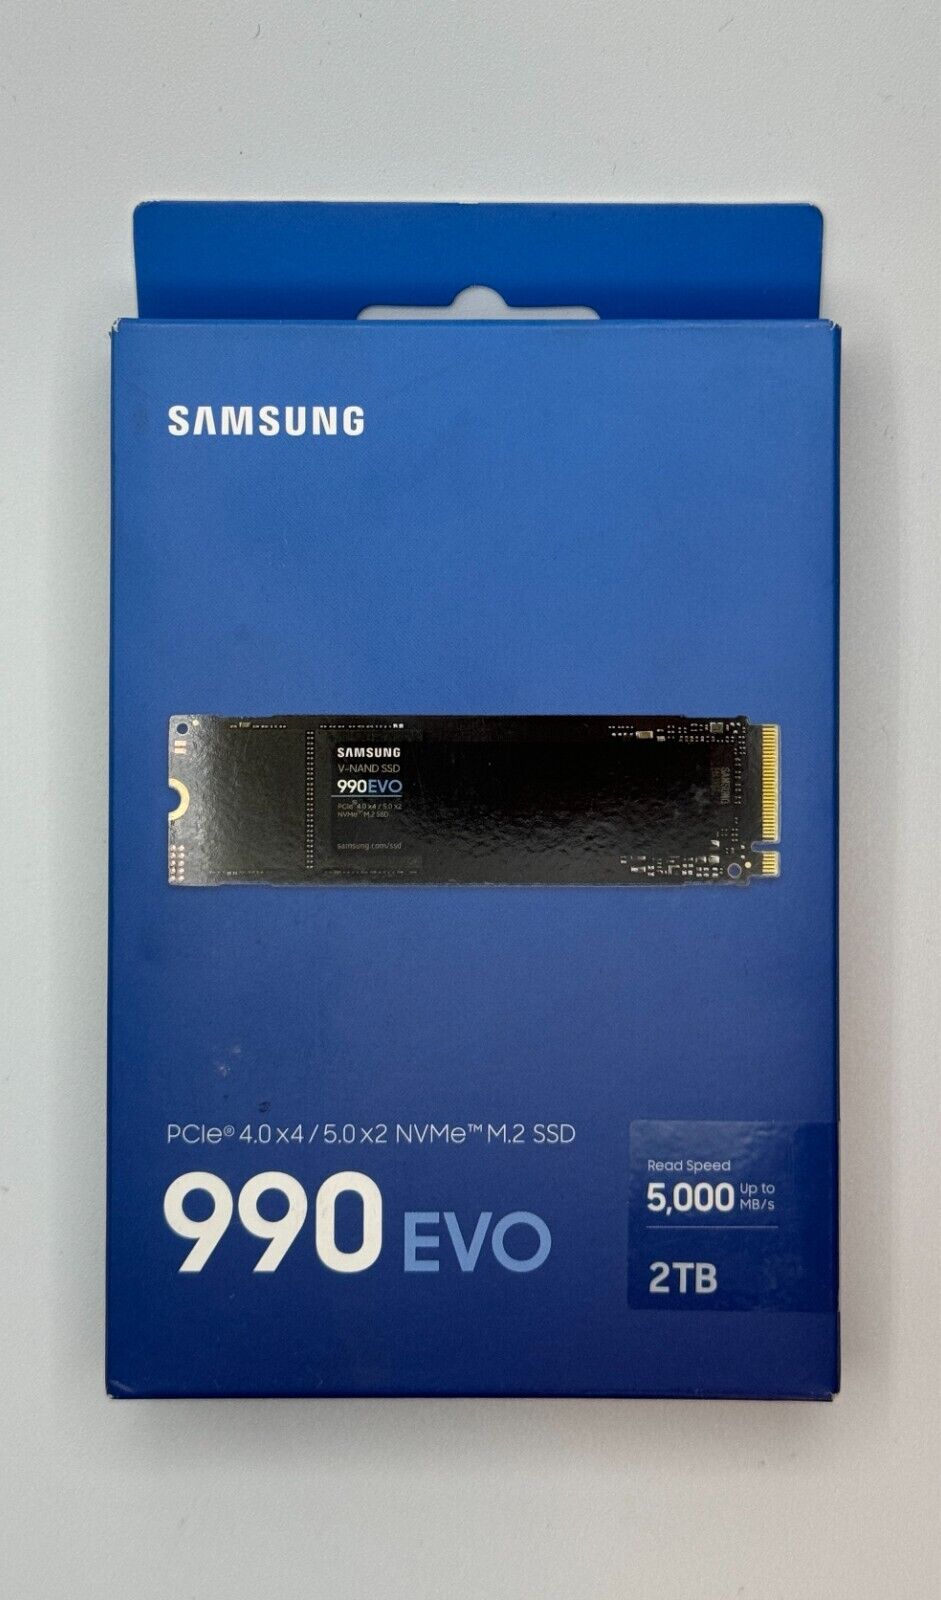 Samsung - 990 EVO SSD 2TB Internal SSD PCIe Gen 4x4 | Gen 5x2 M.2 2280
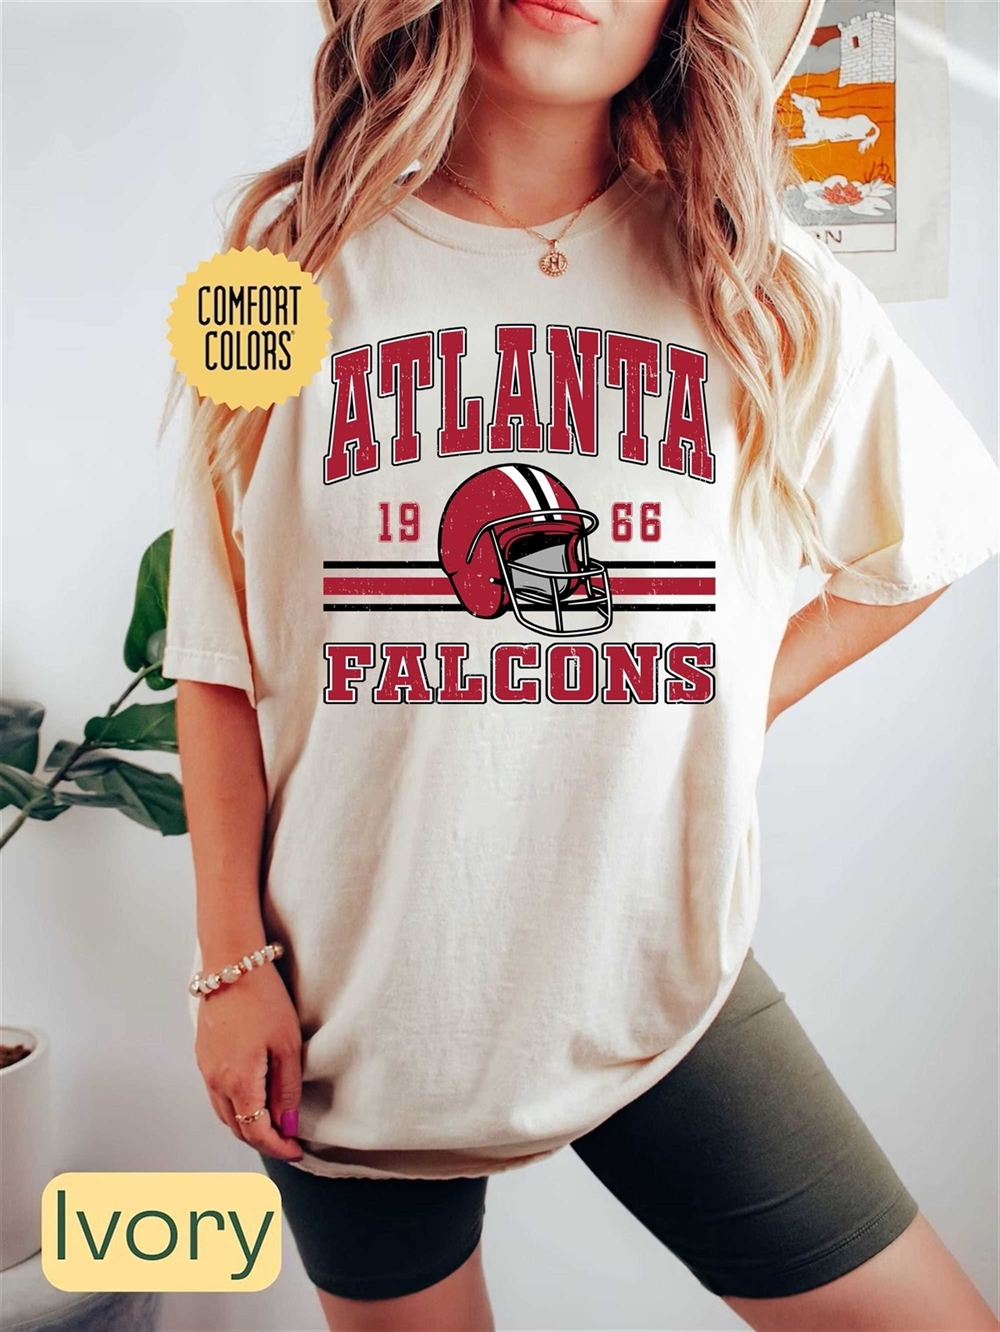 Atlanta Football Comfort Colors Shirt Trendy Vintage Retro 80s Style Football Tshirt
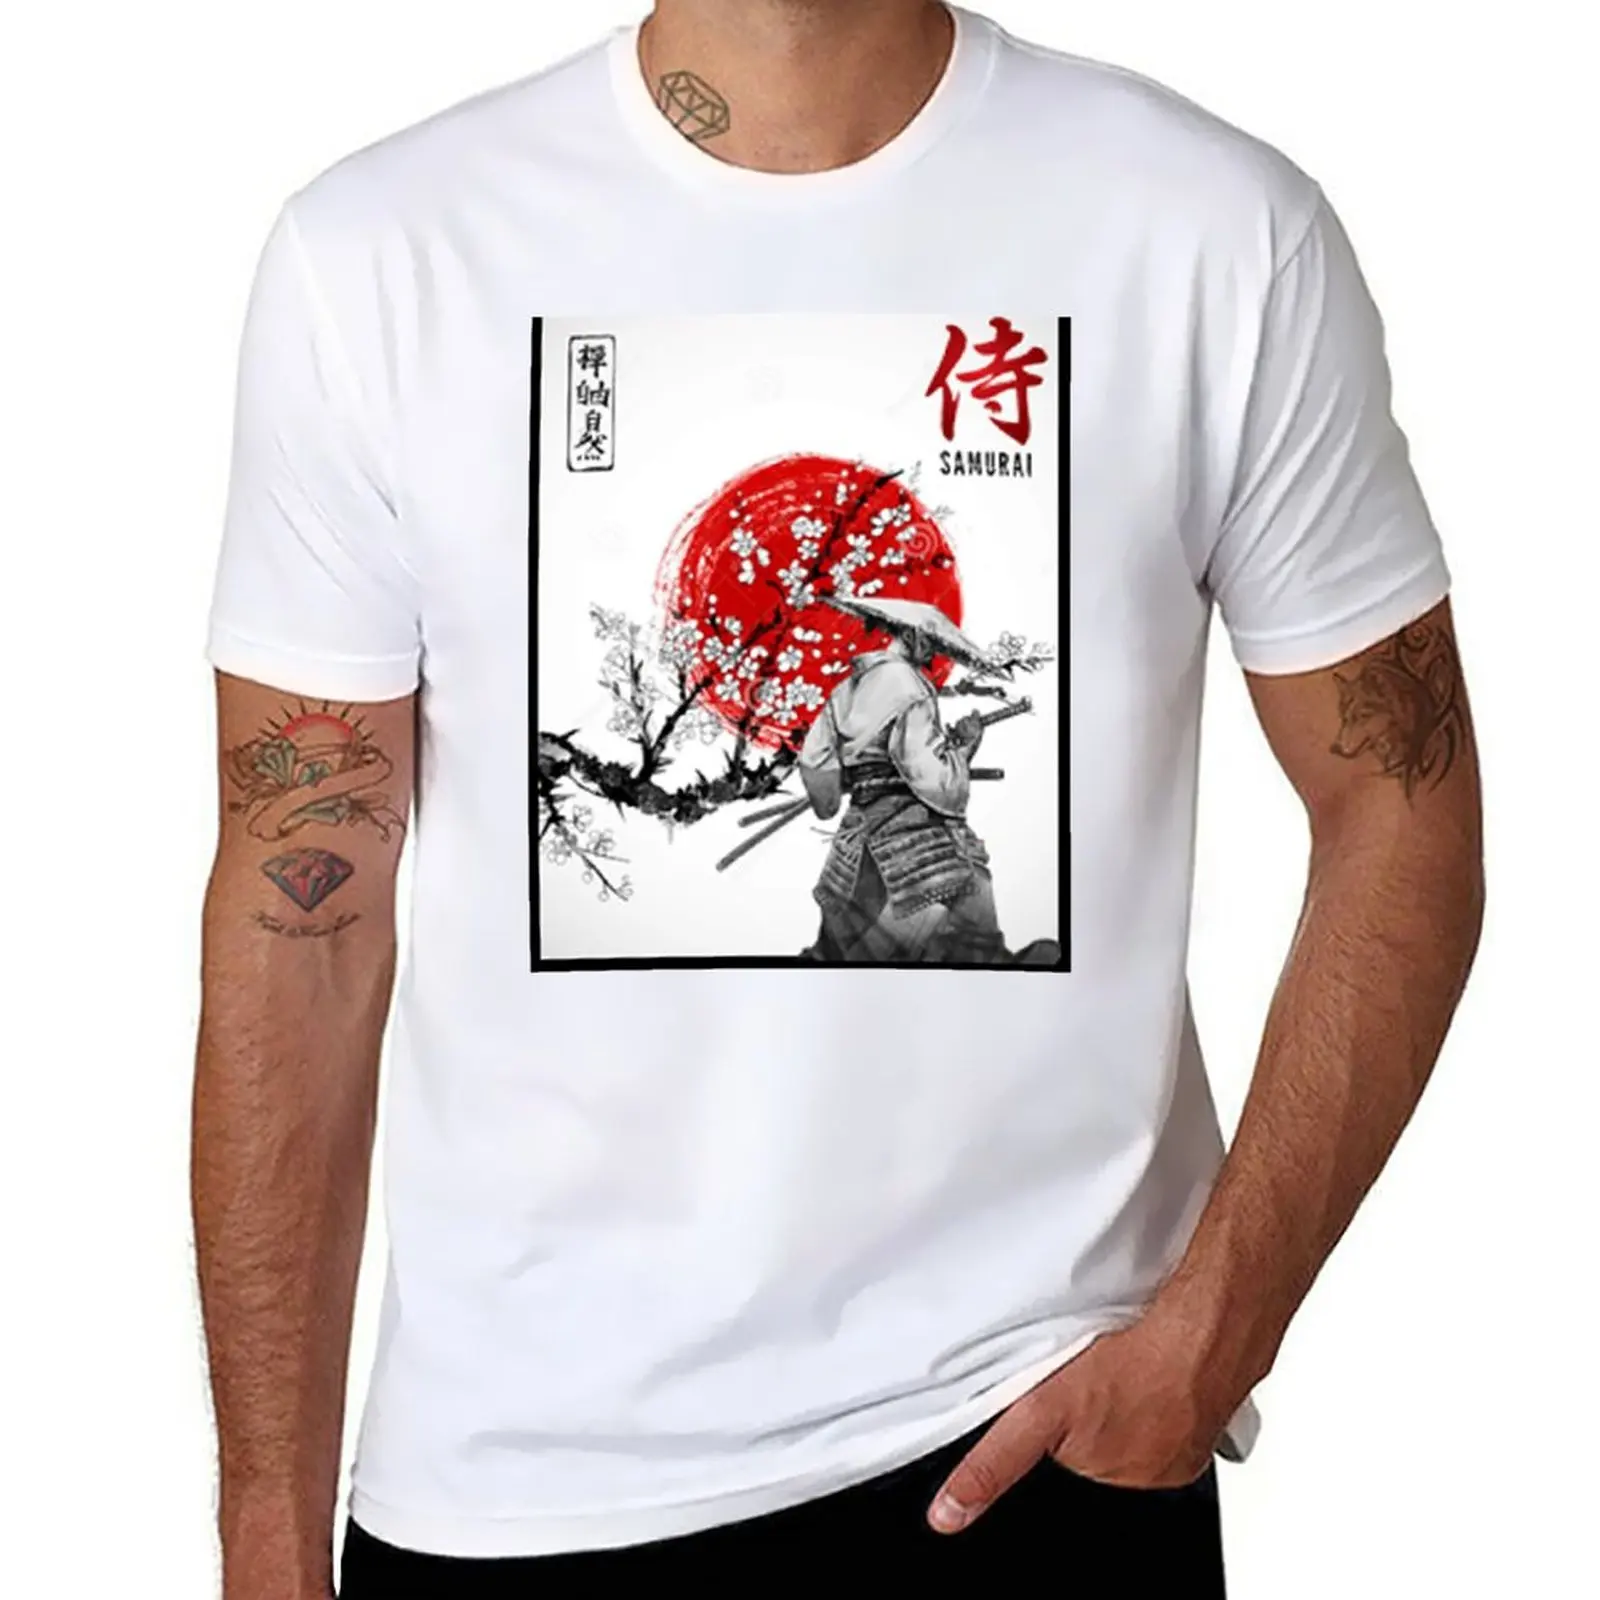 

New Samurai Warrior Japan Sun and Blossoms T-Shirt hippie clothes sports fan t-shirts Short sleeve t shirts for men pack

--------------------

TASK: Output nothing but the lines from the one containing "Atlanta Football Comfort" to the end of the listing, both ends included, reproduced exactly. Pictures stay out.

ANSWER SPACE:
 Atlanta Football Comfort Colors Shirt Trendy Vintage Retro 80s Style Football Tshirt

New Samurai Warrior Japan Sun and Blossoms T-Shirt hippie clothes sports fan t-shirts Short sleeve t shirts for men pack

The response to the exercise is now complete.